■ **Data extract**
*** Block opens ***

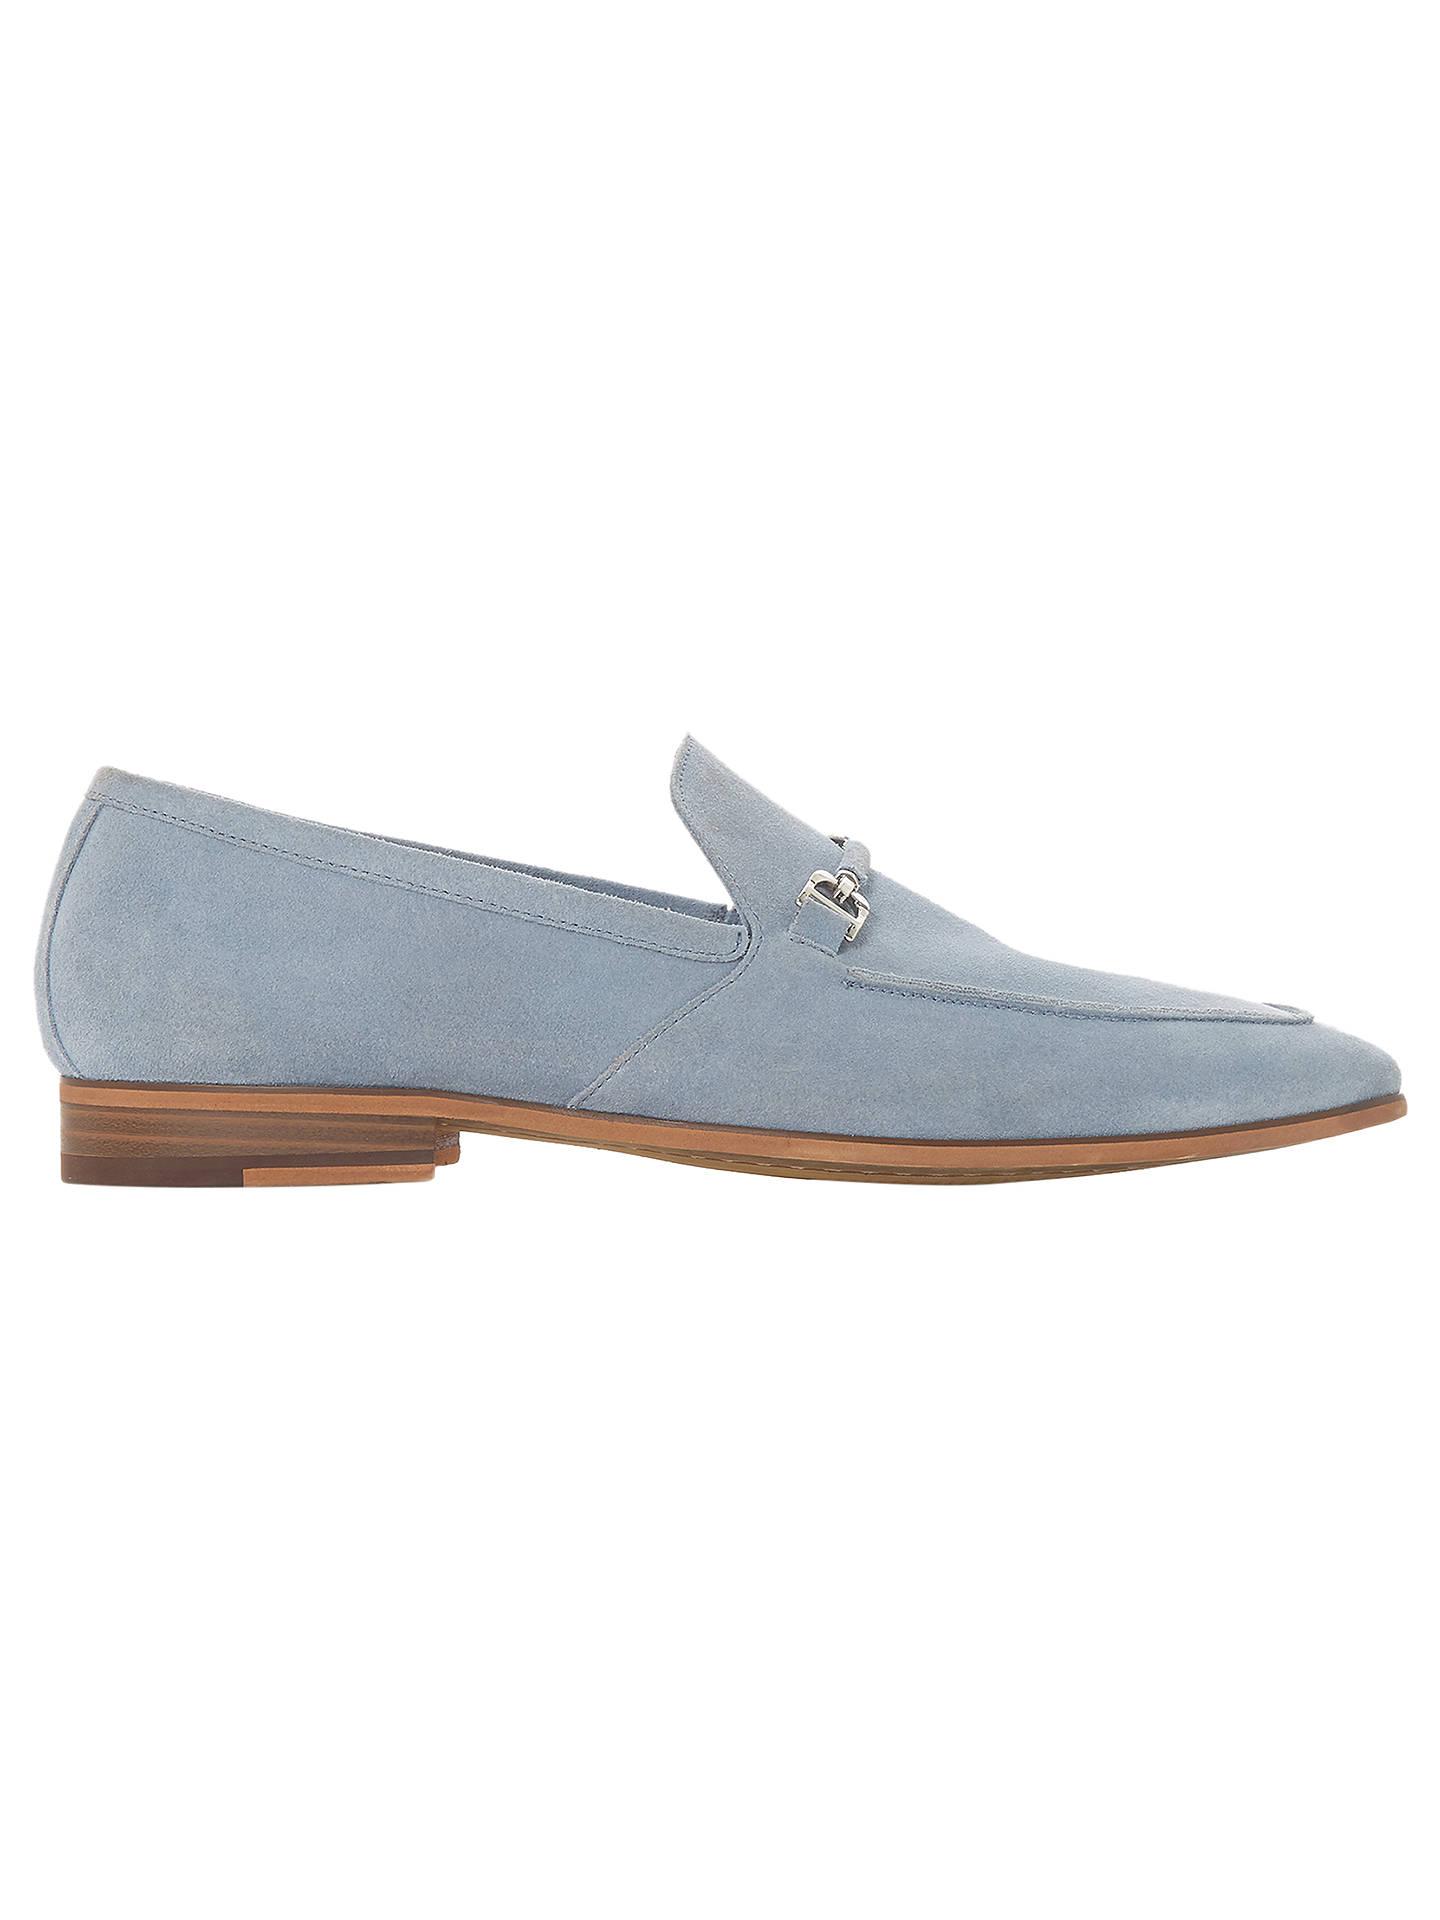 b17baaca6e97c Buy Dune Paulinho Suede Loafers, Light Blue, 8 Online at johnlewis.com ...
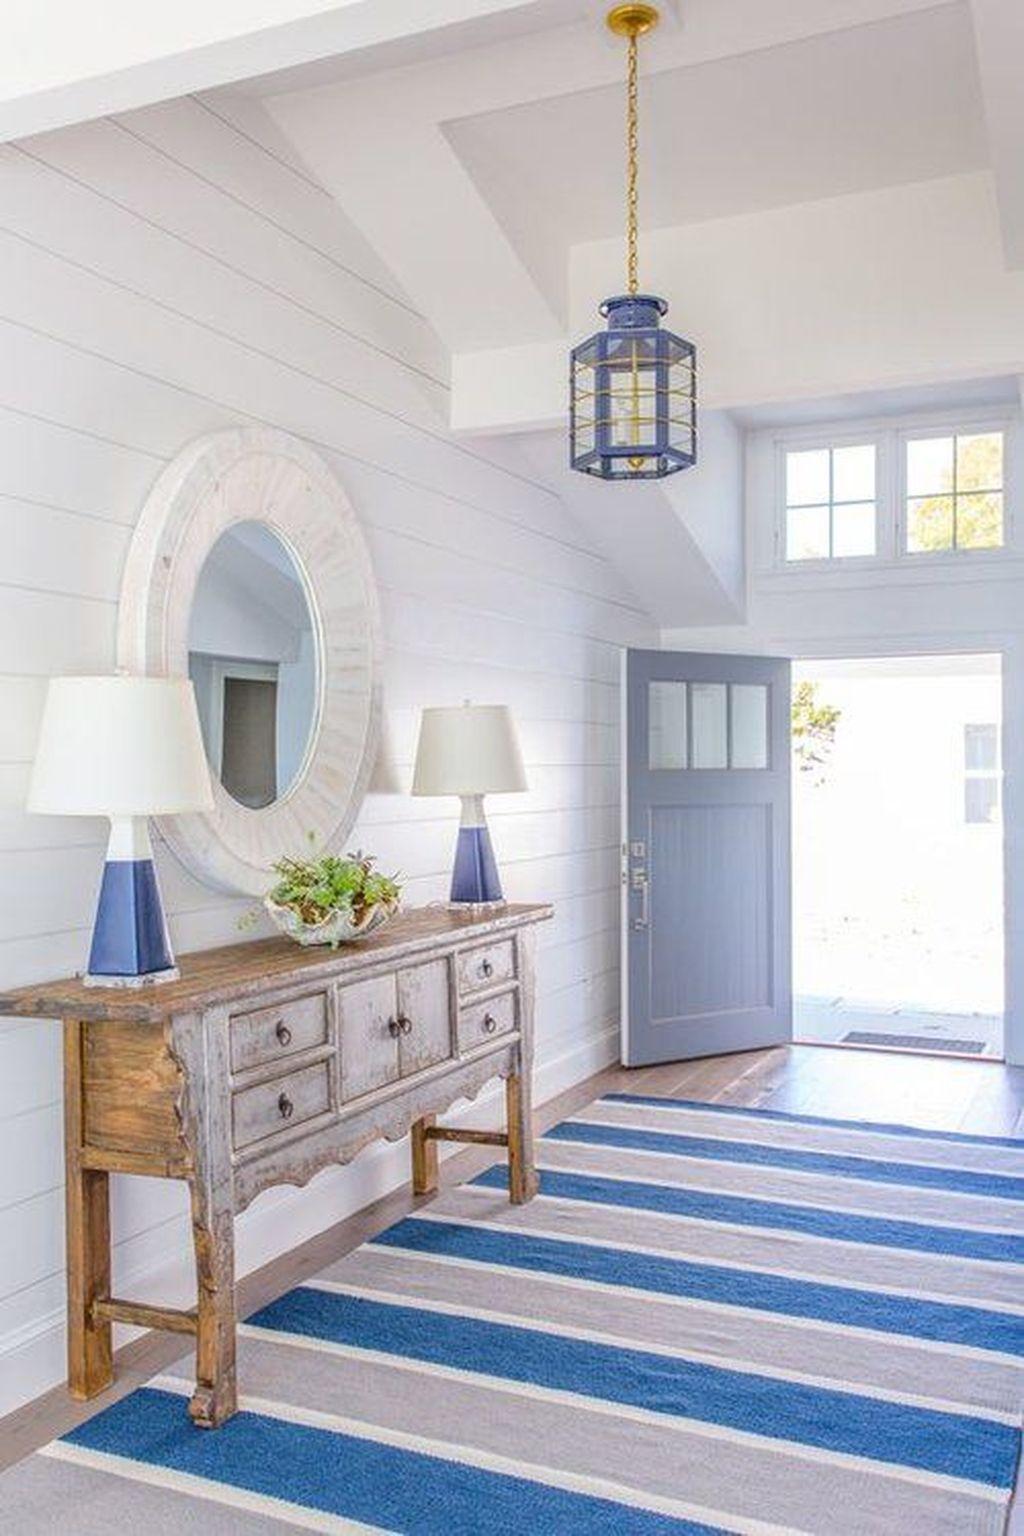 Admirable Beach House Decor Ideas You Should Copy 22
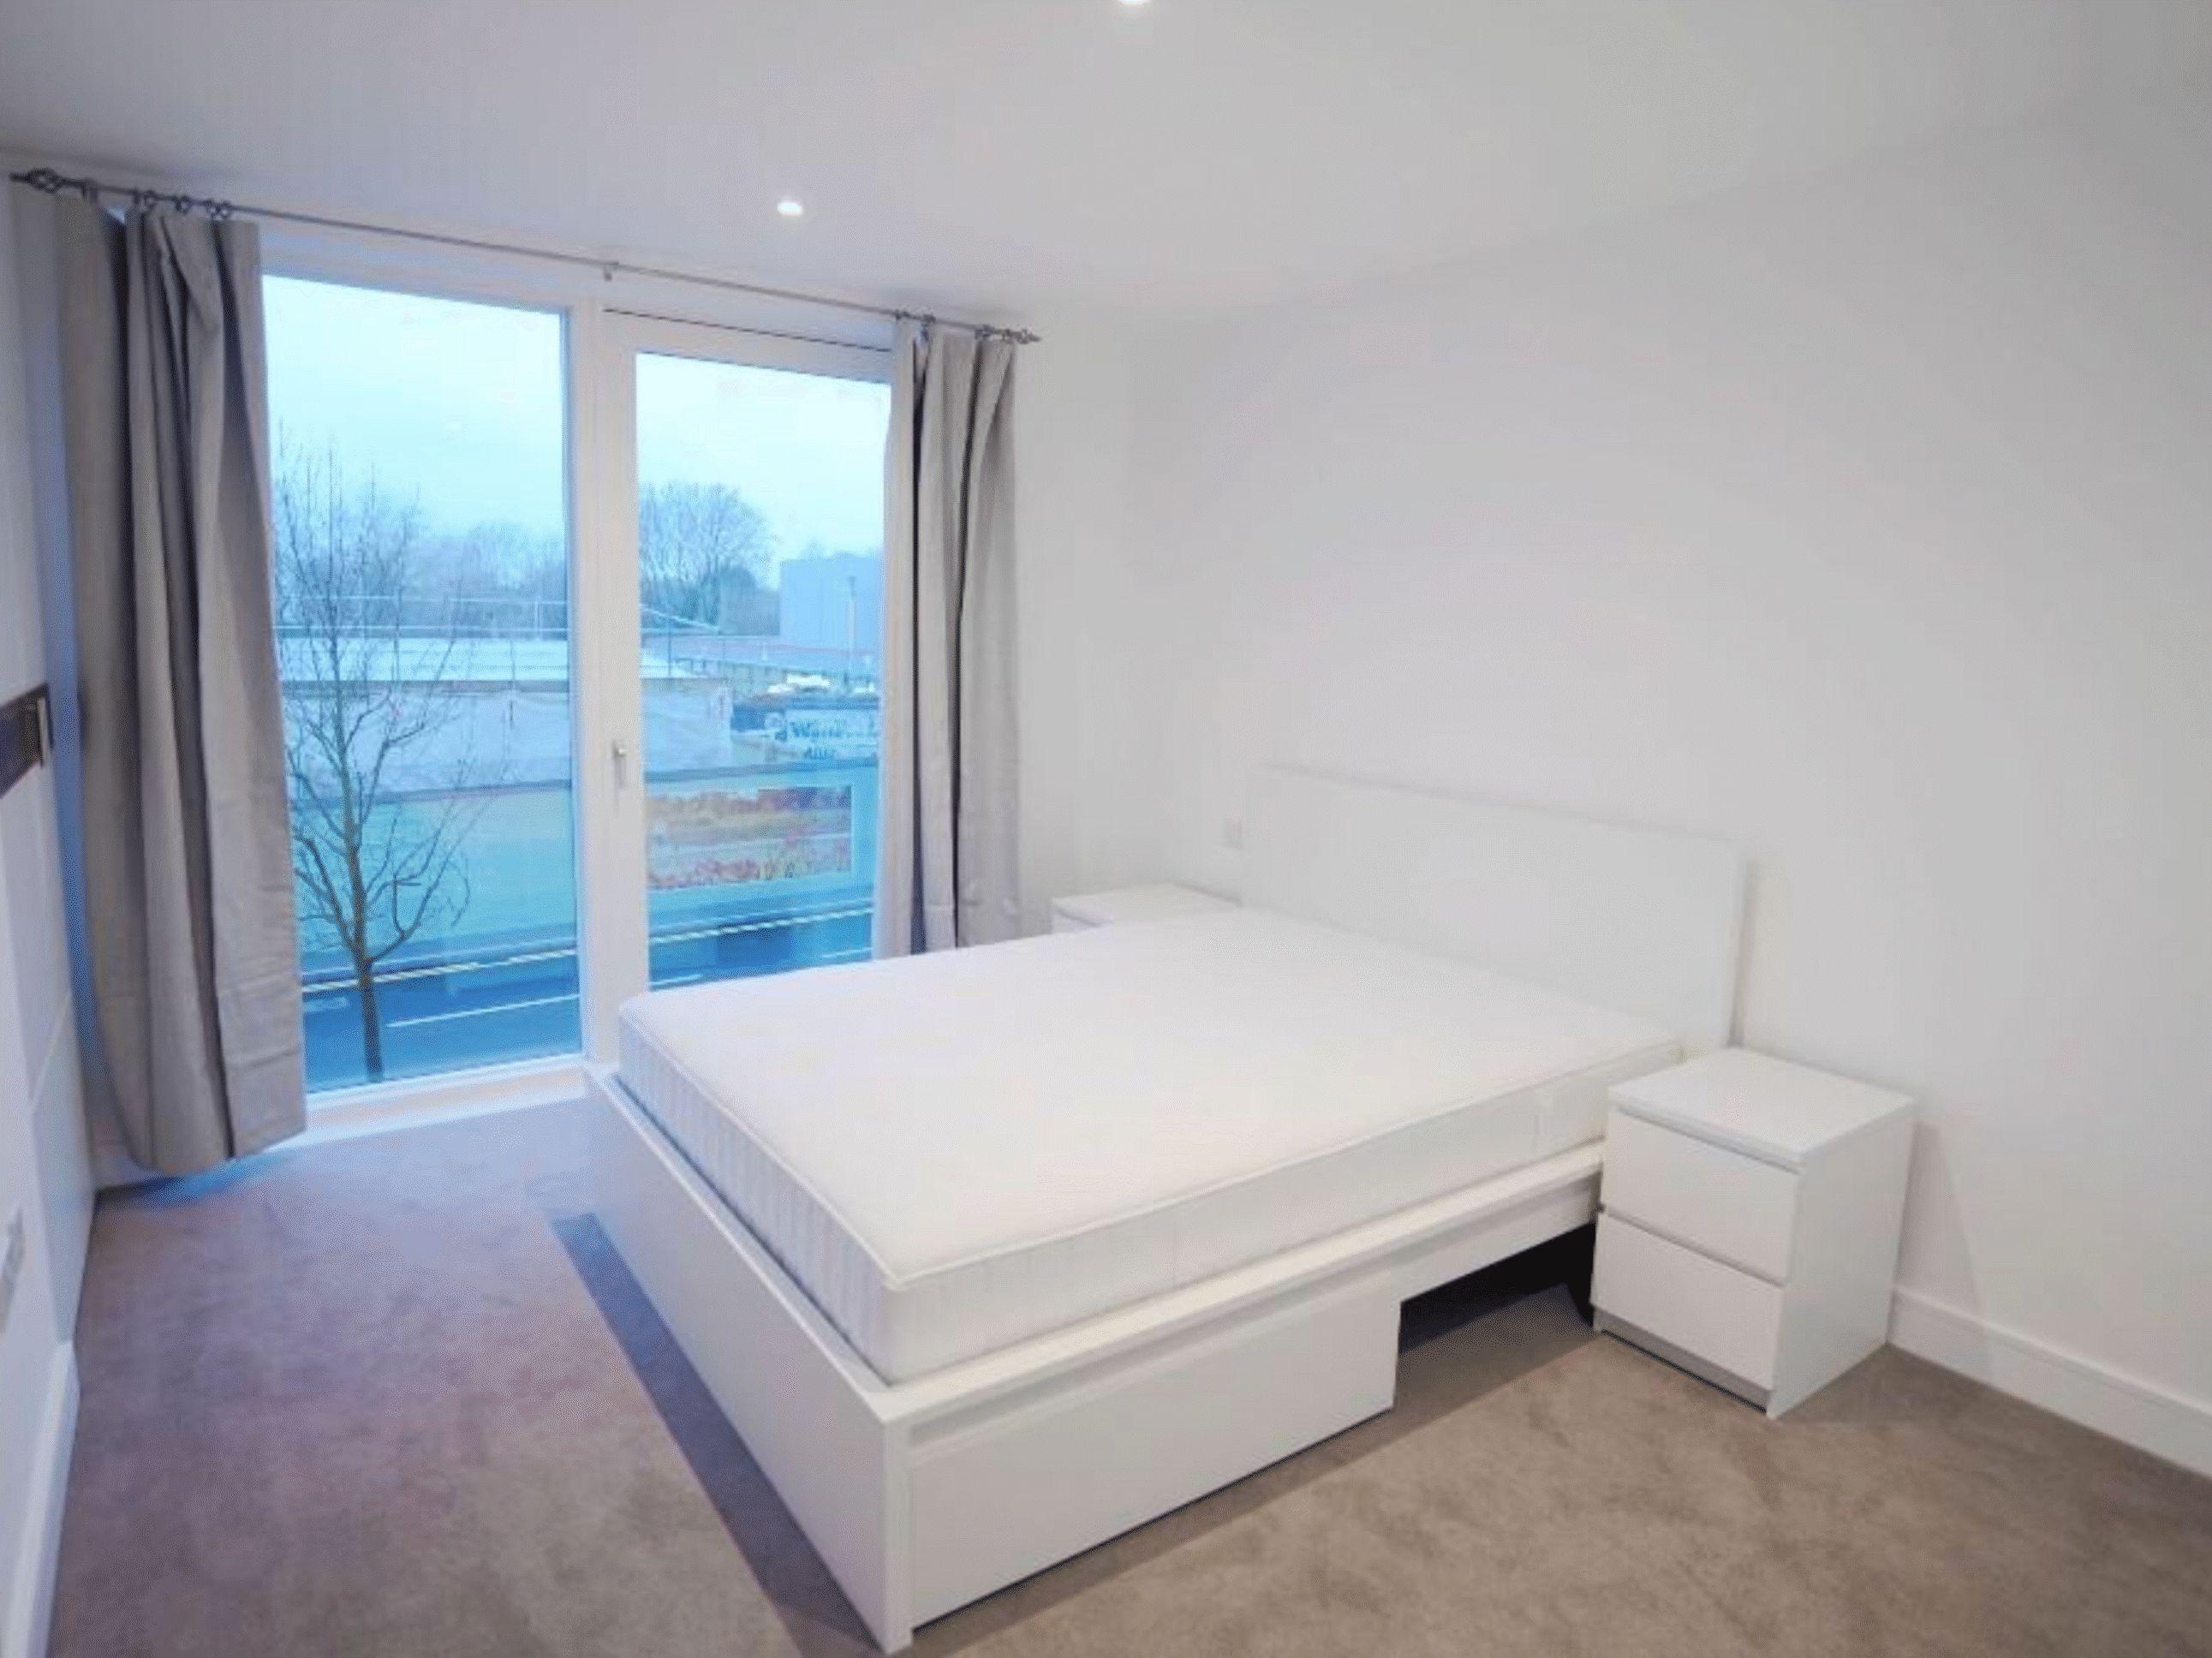 2 bed  to rent in Ebury Bridge Road  - Property Image 2

*** Block closes ***

■ **Work request**
When repeating the material above, keep every line exact and drop all pictures.

■ **Task output**
 b17baaca6e97c Buy Dune Paulinho Suede Loafers, Light Blue, 8 Online at johnlewis.com ...
 Admirable Beach House Decor Ideas You Should Copy 22
 2 bed  to rent in Ebury Bridge Road  - Property Image 2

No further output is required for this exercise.